Currently, this rectangle-discovery routine takes the lion's share of the total runtime of the tool, especially for large blueprints. I have sacrificed some accuracy for the sake of speed by only considering rectangles from cells which appear to form a rectangle's corner (determined using some neighboring-cell heuristics which aren't always correct). As a result of this 'optimization', my current code doesn't actually generate the above solution correctly, but it's close enough.

More broadly, I consider the goal of largest-rectangles-first to be a "good enough" approach for this application. However I observe that if the goal is instead to find the minimum set (fewest number) of rectangles to completely cover multiple areas, the solution would look like this instead:

. 3 . 5 6 8
1 3 4 5 6 8
. 3 4 5 . 8
2 3 4 5 7 8
. 3 . 5 7 8

This second goal actually represents a more optimal solution to the problem, as fewer rectangles usually means fewer commands sent to Dwarf Fortress. However, this approach strikes me as closer to NP-Hard, based on my limited math knowledge.

Watch the video if you'd like to better understand the overall strategy; I have not addressed other aspects of Quickfort's process, such as finding the shortest cursor-path that plots all rectangles. Possibly there is a solution to this problem that coherently combines these multiple strategies.

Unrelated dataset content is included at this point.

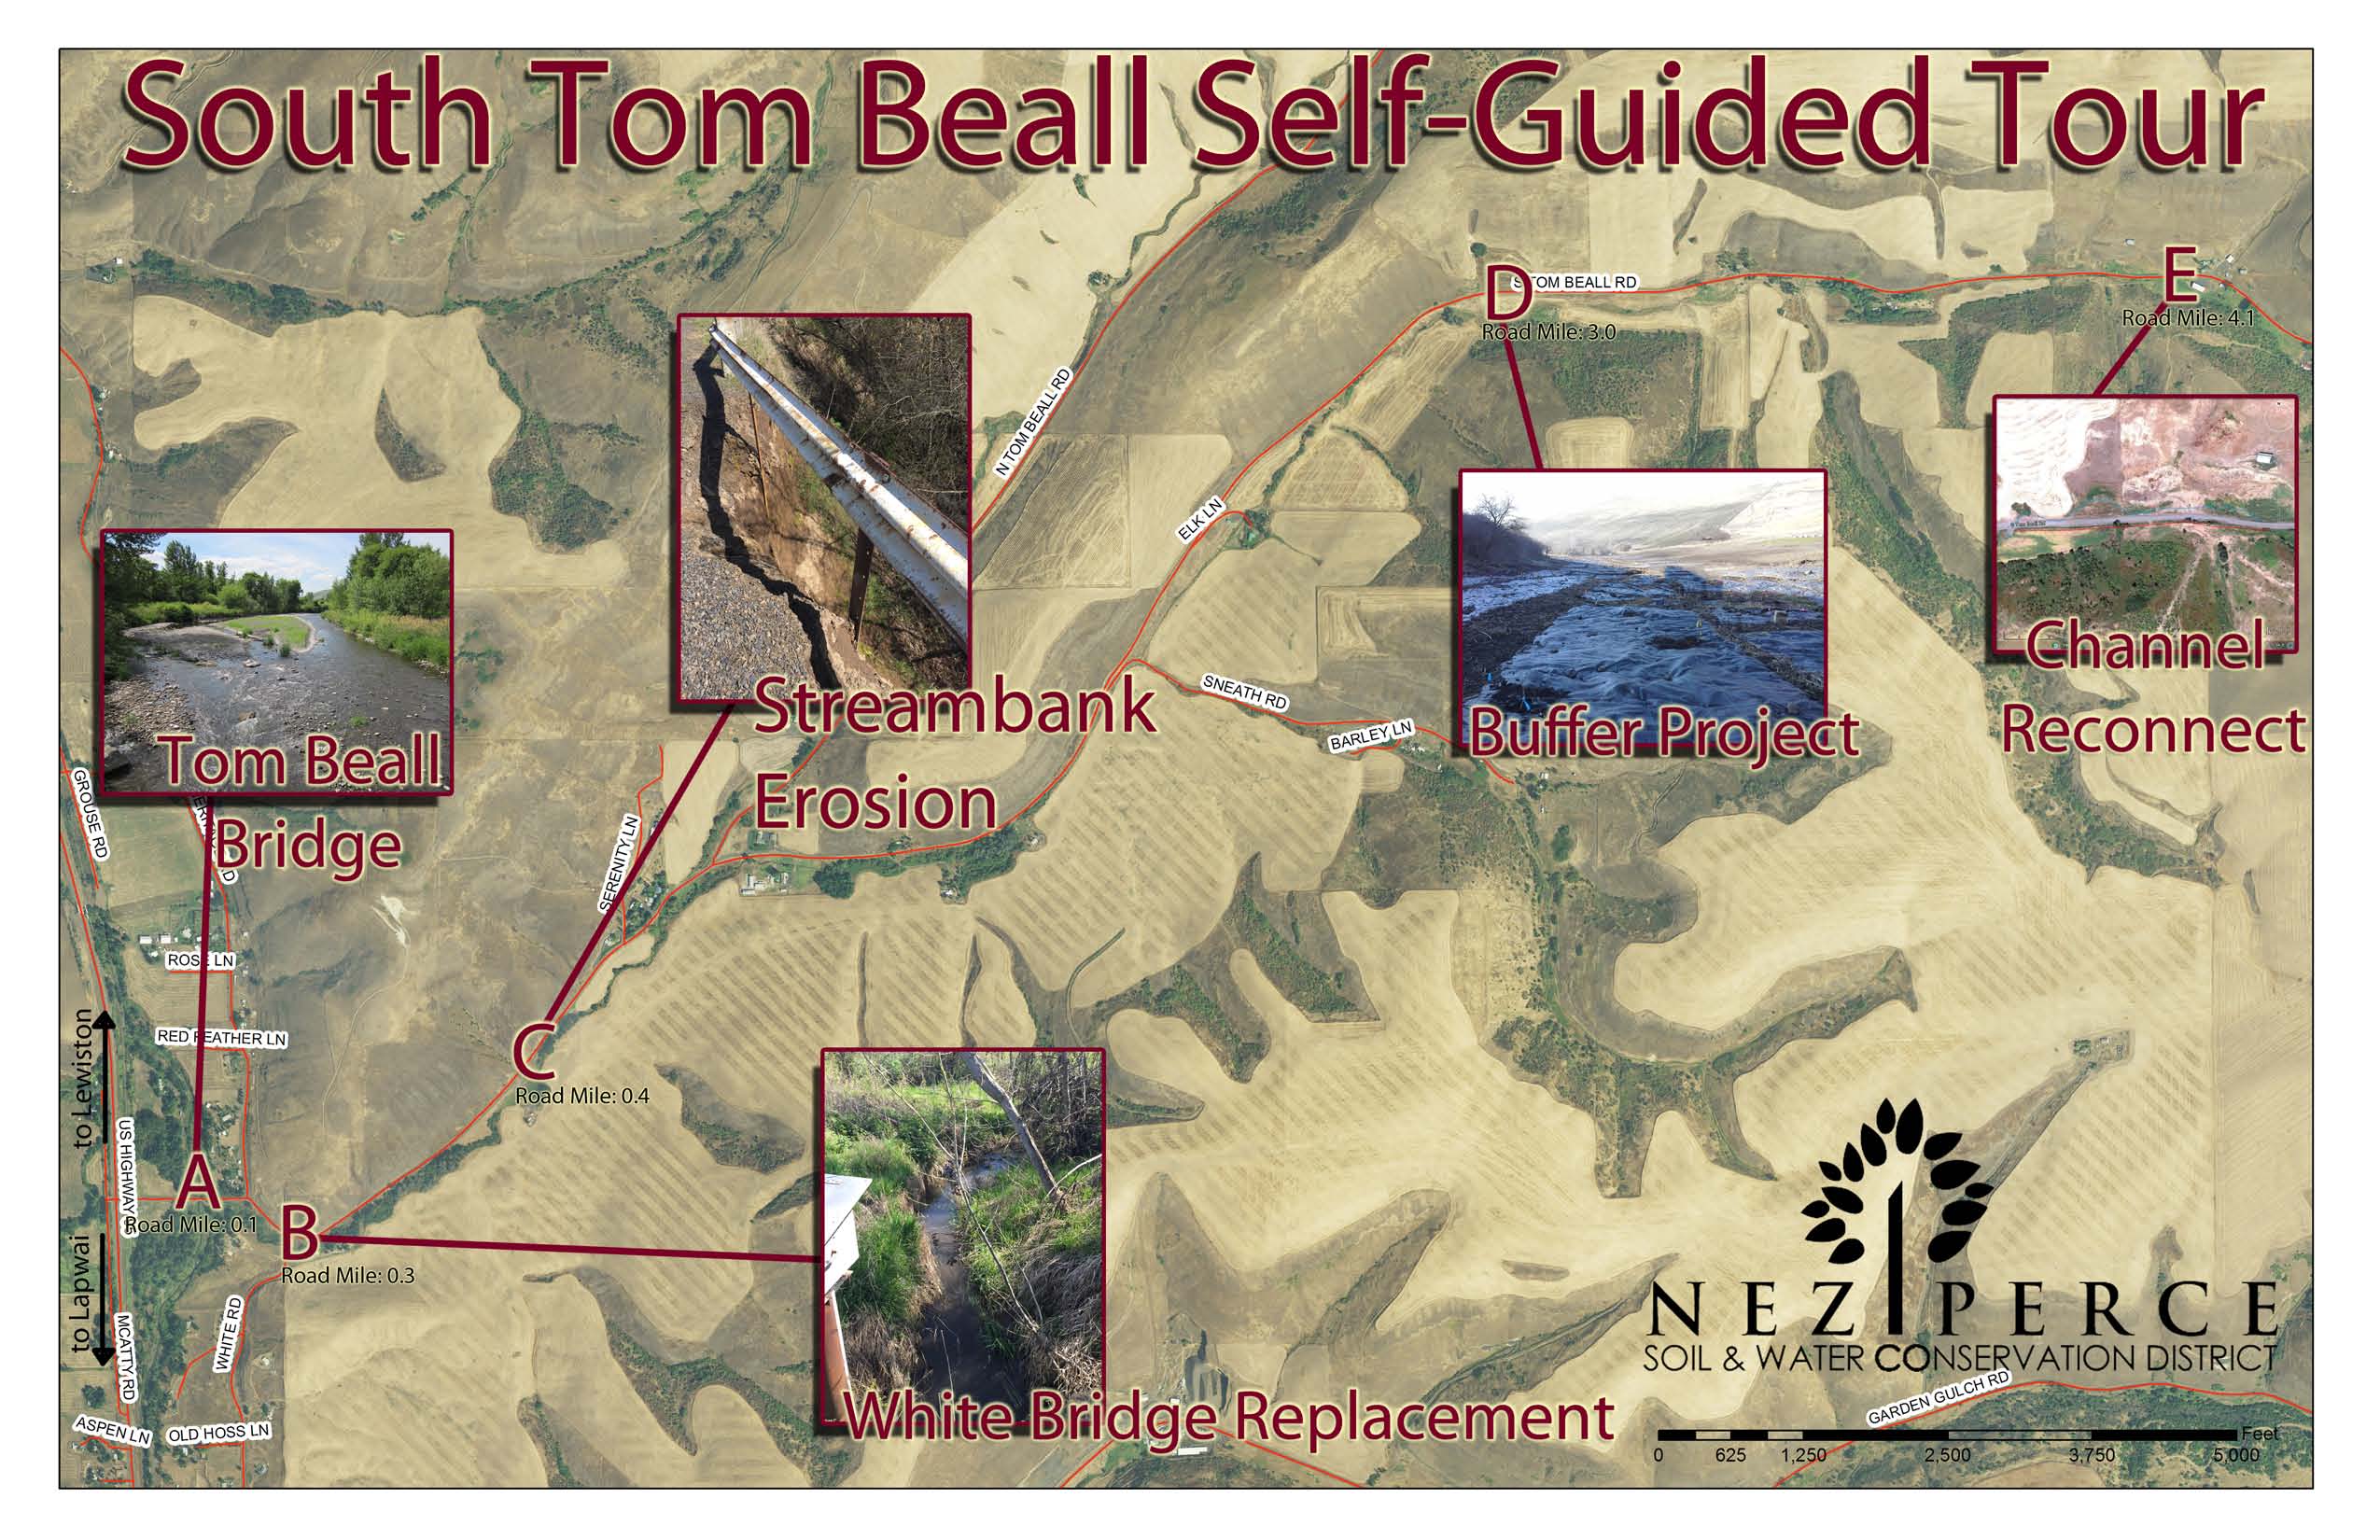 South Tom Beall Tour Map
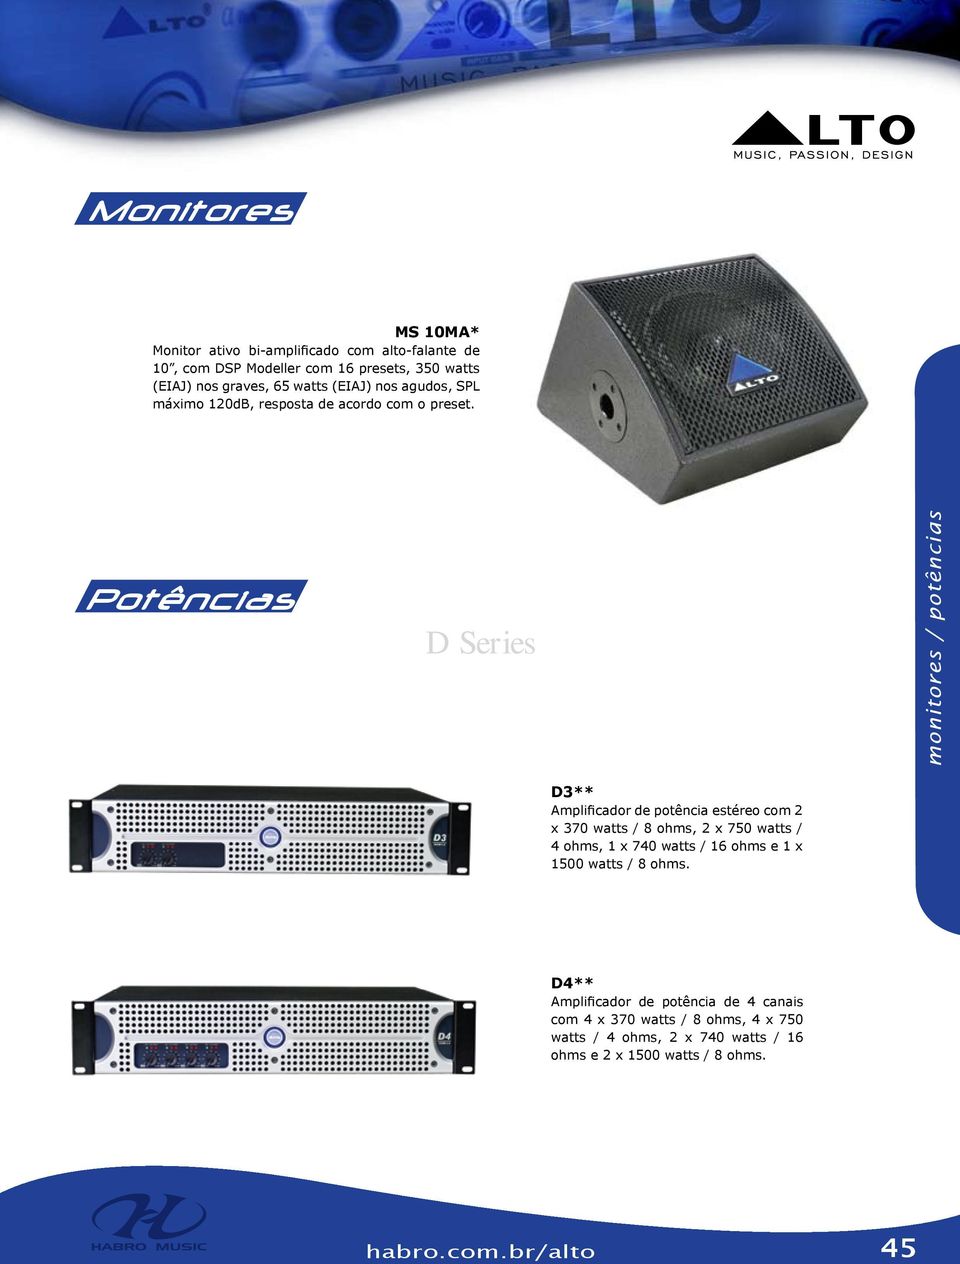 Potências D Series monitores / potências D3** Amplificador de potência estéreo com 2 x 370 watts / 8 ohms, 2 x 750 watts / 4 ohms, 1 x 740

Help of any form would be appreciated.


Solution 1:

I found the paper Fast Algorithms To Partition Simple Rectilinear Polygons from San-Yuan Wu and Sartaj Sahni, which could be of interest to you. In your example the region with character 'd' forms a rectilinear polygon, also the regions with 'c' and '.'. This paper includes algorithms for hole-free simple rectilinear polygons.

If a polygon includes holes, there are algorithms running with O(n^3/2 log n) time, as JM Keil in the paper Polygon Decomposition on page 11 states.

If minimizing the total length of the line segments introduced in the partitioning process is the other optimization criterion, the problem becomes NP-complete if the polygon contains holes (page 12). For these problems approximation algorithms exist (the paper refers to papers with such algorithms). If the polygon doesn't contain holes there is an O(n^4) time algorithm.

Solution 2:

This is not really an answer but using a naive search you can get

. 1 . 2 3 3
4 1 5 2 3 3
. 1 5 2 . 6
7 1 5 2 8 6
. 1 . 2 8 6

Basically you start from the top left corner and use it as the top left corner of your next rectangle, then you check how far you can extend it to the right and down, then find the topmost and leftmost cell of the remaining bits and so on.

This is probably very ineffective in some cases but it's quick as you don't have to recalculate anything..

Solution 3:

In my view, all solutions that find a set of rectangles that cover the original area is a correct one. Finding a smaller set of rectangles is better because it compresses/performs better.

So I would not advise trying to find the optimal solution. (I would guess it is NP-hard as well).

For a faster running solution, you could tile the matrix into groups of 4 cells initially, and try to merge them if they are the same. After that, you can merge groups of 4 groups, if they are the same. And do so recursively if you are done.

This won't find the optimal solution but will be very fast. If your matrixes are large, with large contiguous areas, the difference with the optimal won't be that great.